● **TASK ITEM**: Using the entries below, copy exactly each line from the line with "AlphaBud Cannabis (ABC Co) logo" up to and including the line with "Đồng hồ Seiko", with every picture left out.

● **EXERCISE DATA**:

>>>>

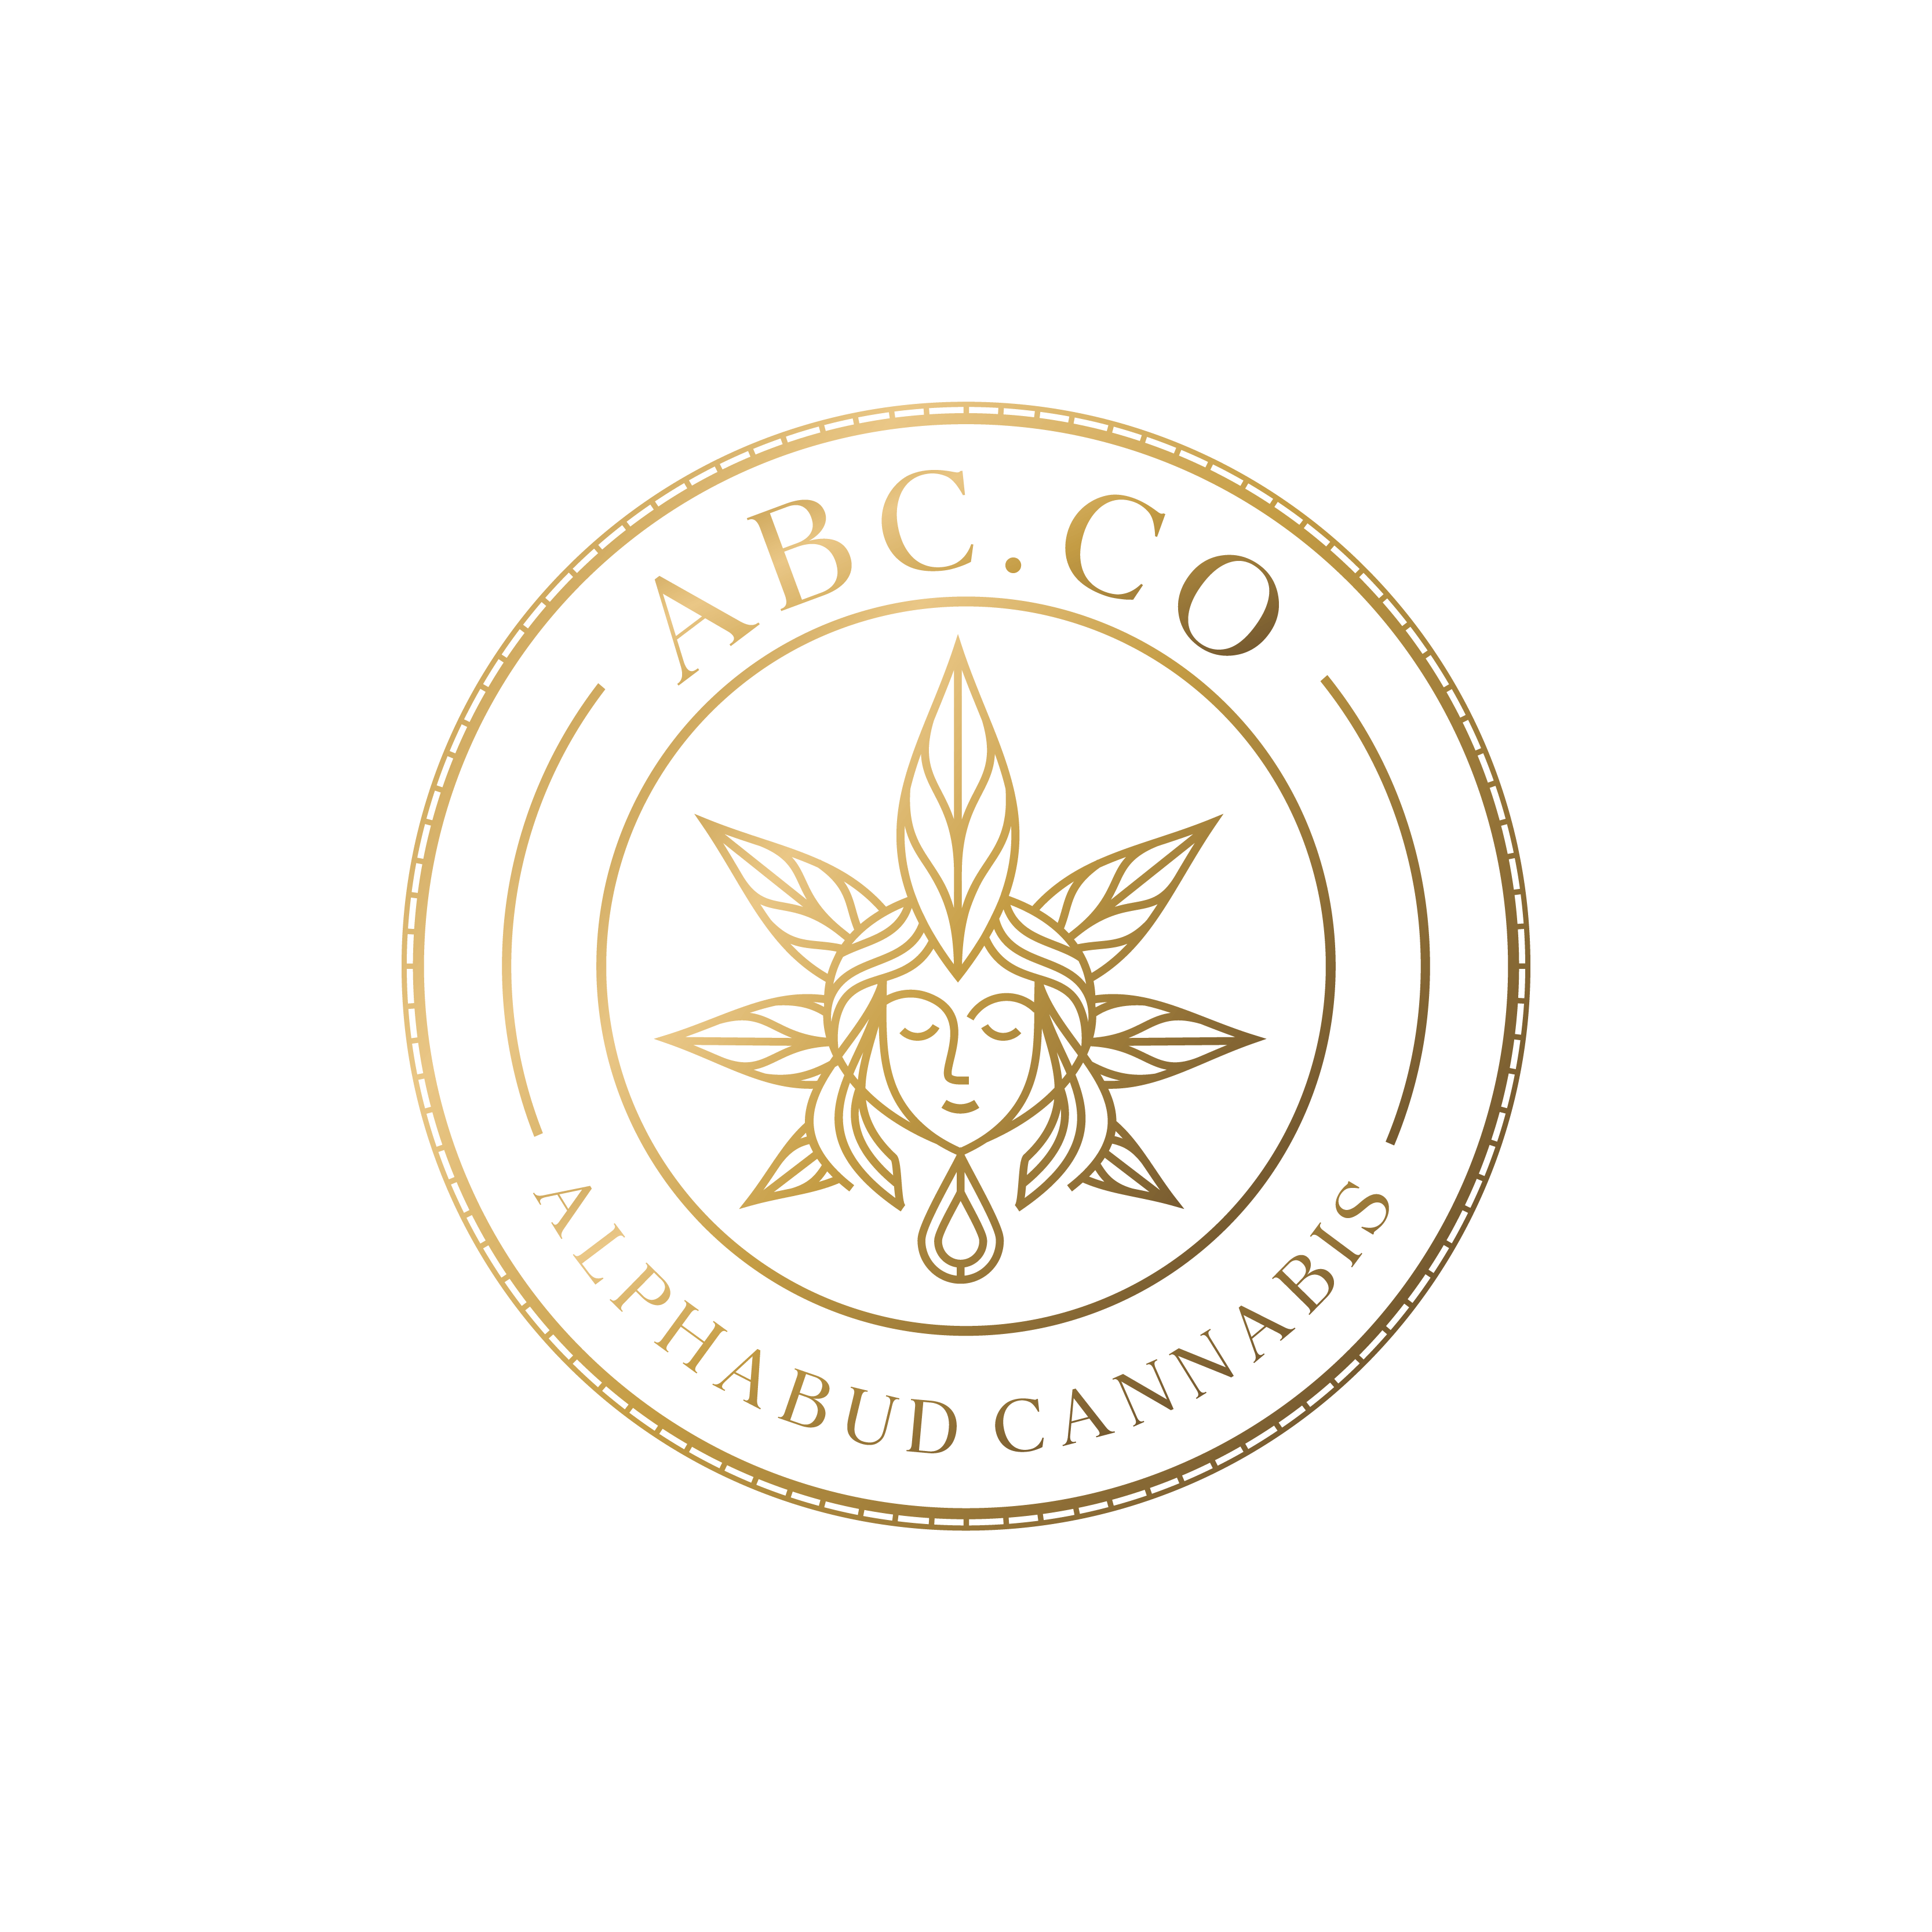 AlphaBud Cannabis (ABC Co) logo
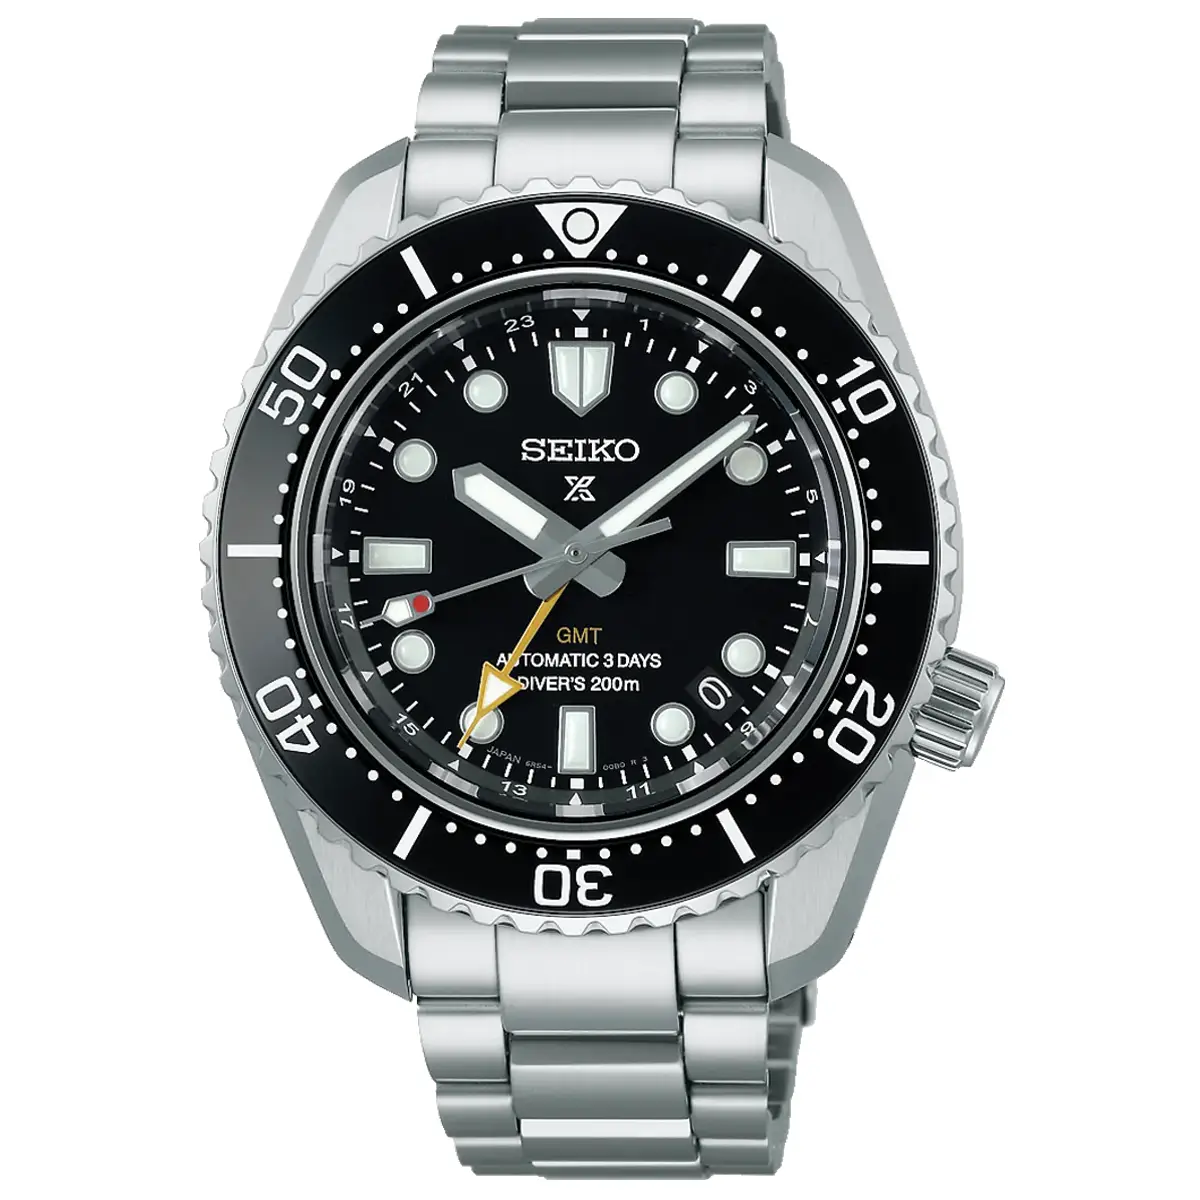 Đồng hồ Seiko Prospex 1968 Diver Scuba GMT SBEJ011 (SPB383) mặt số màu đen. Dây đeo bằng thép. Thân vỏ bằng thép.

<<<<
>>>>

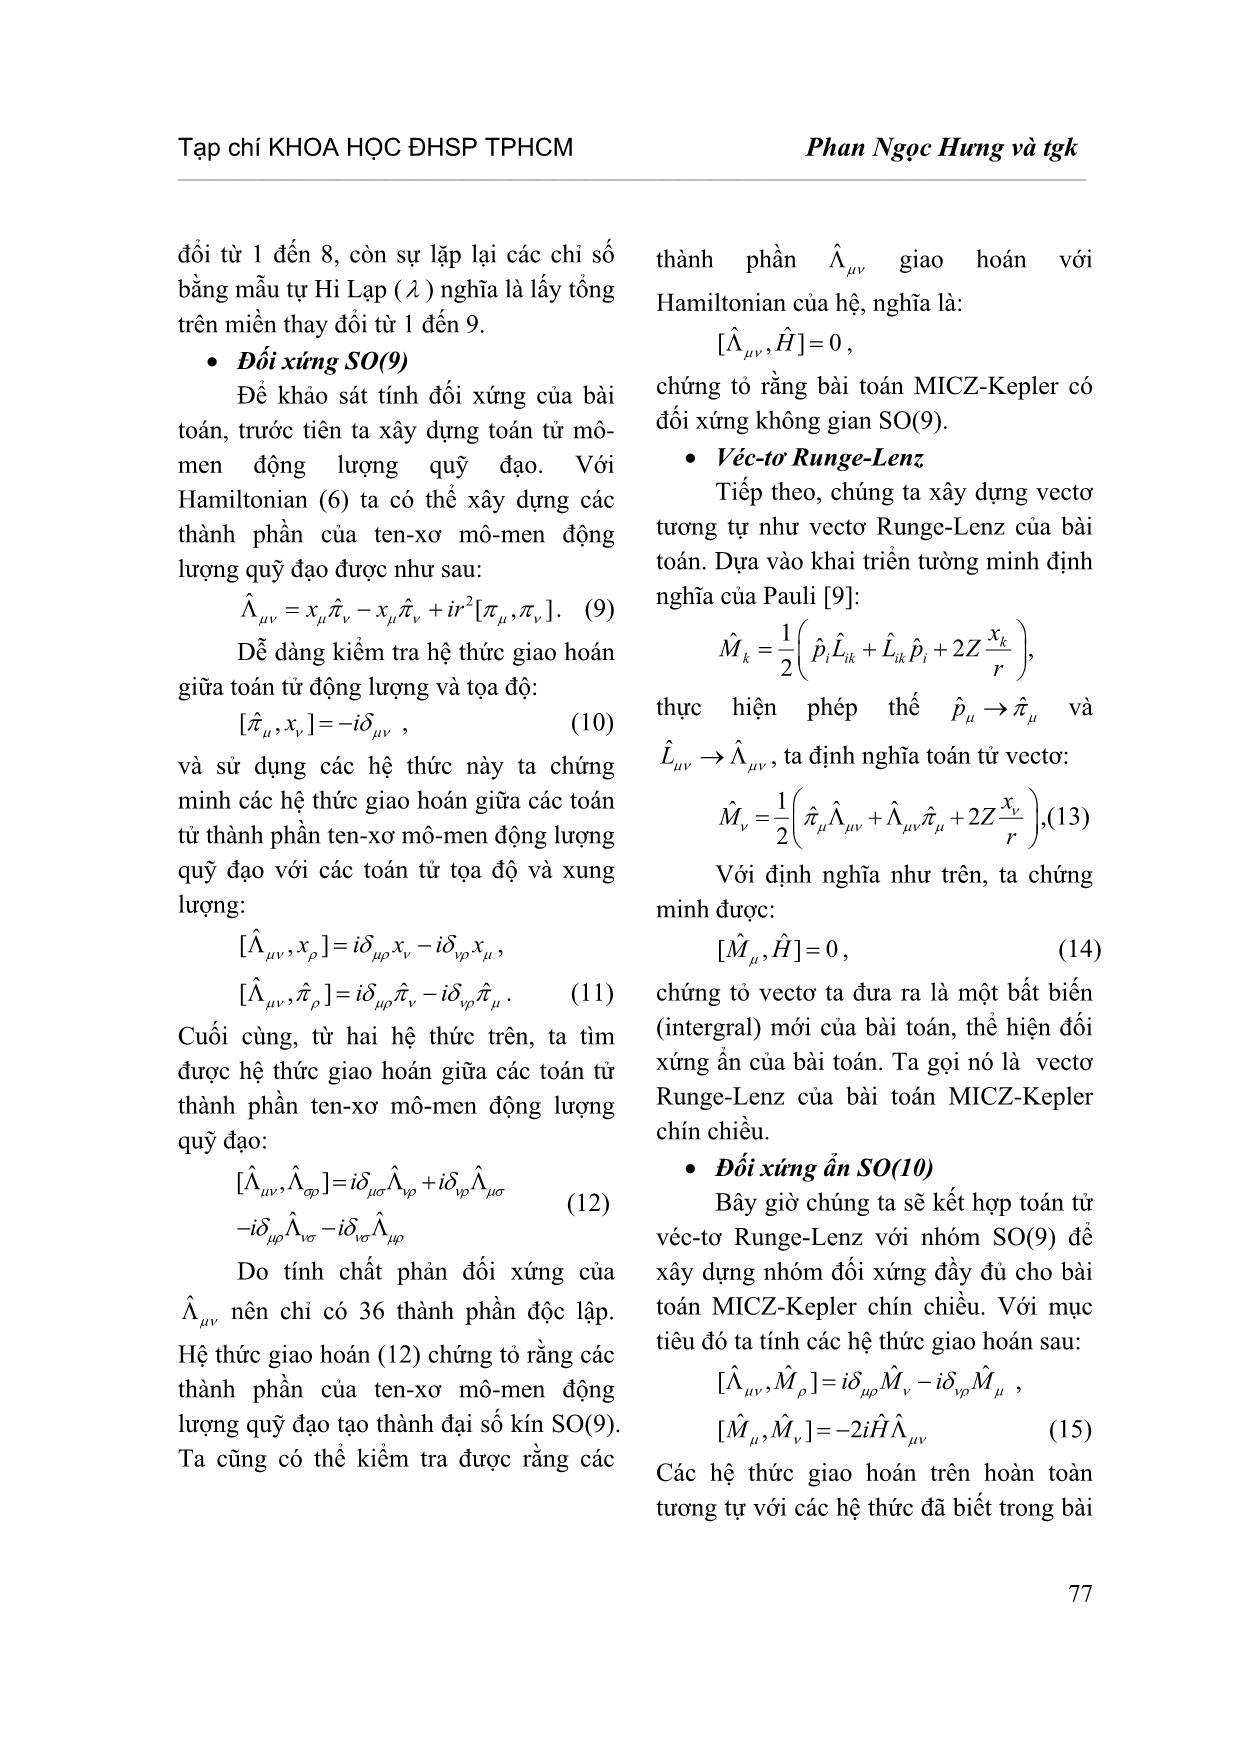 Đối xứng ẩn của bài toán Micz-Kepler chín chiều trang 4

<<<<
>>>>

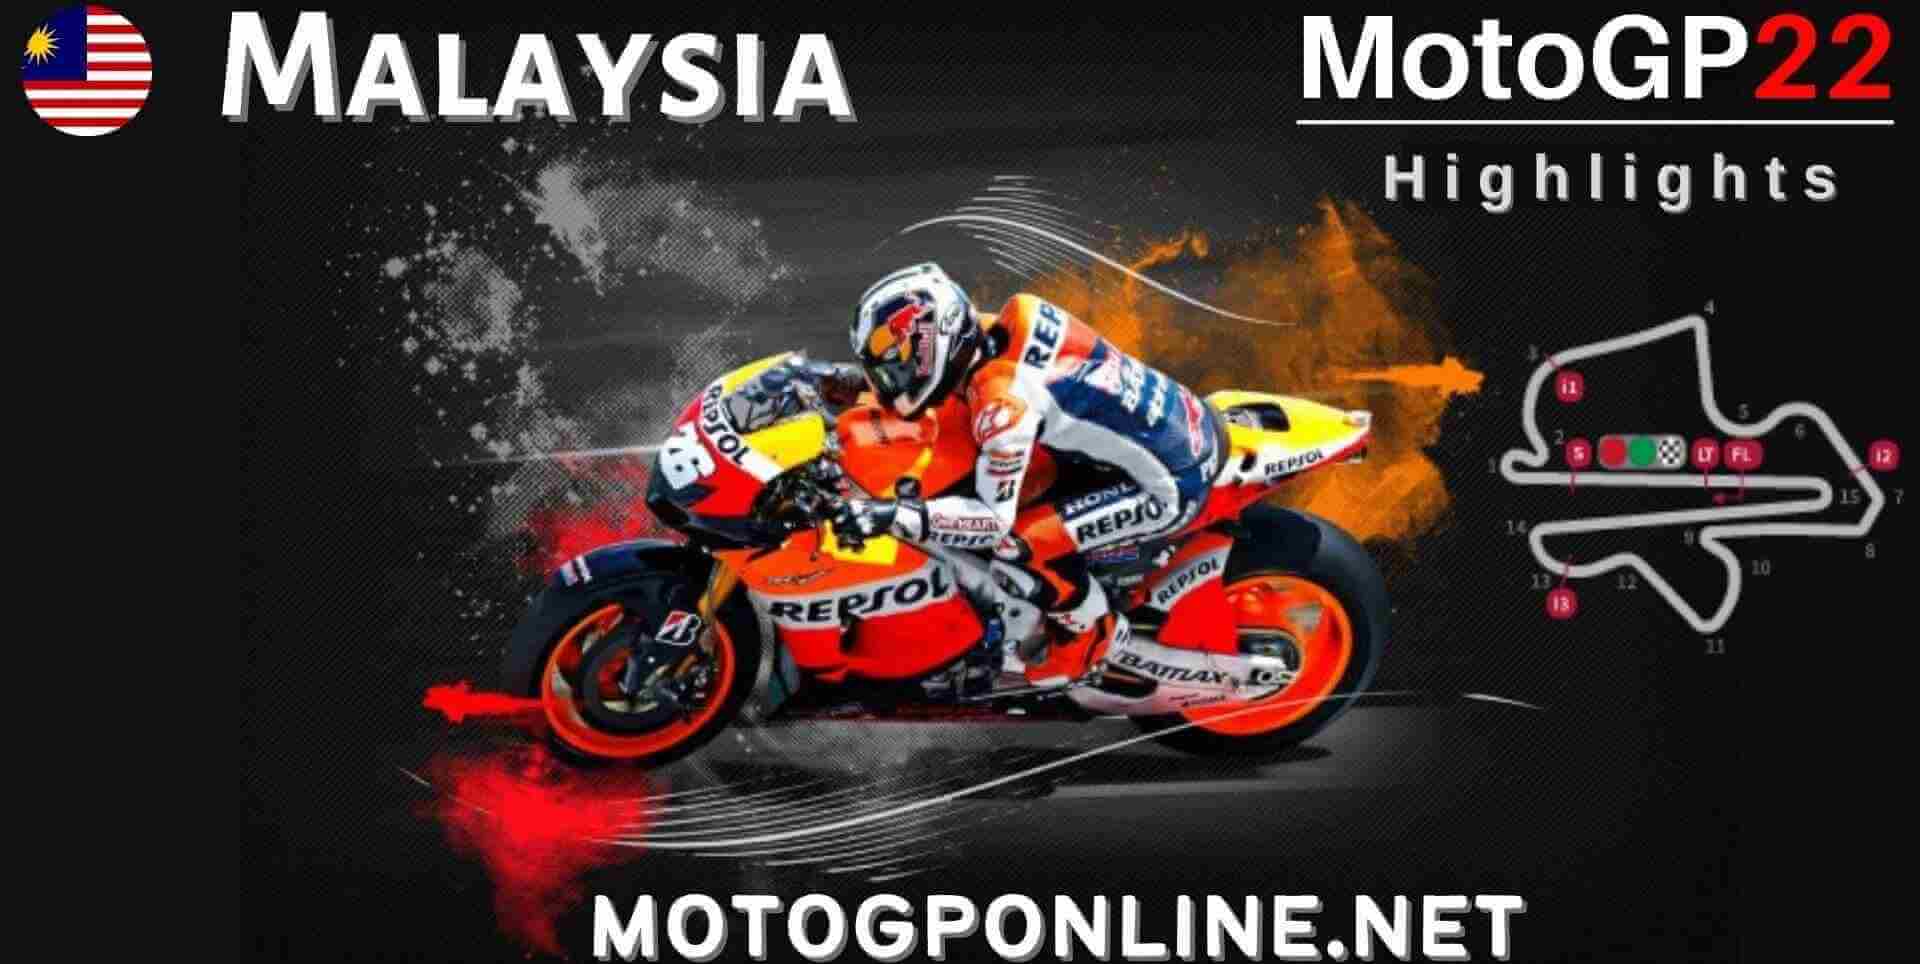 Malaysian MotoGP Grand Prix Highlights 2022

<<<<

● **SOLUTION TO THE PROBLEM**:
 AlphaBud Cannabis (ABC Co) logo
 Đồng hồ Seiko Prospex 1968 Diver Scuba GMT SBEJ011 (SPB383) mặt số màu đen. Dây đeo bằng thép. Thân vỏ bằng thép.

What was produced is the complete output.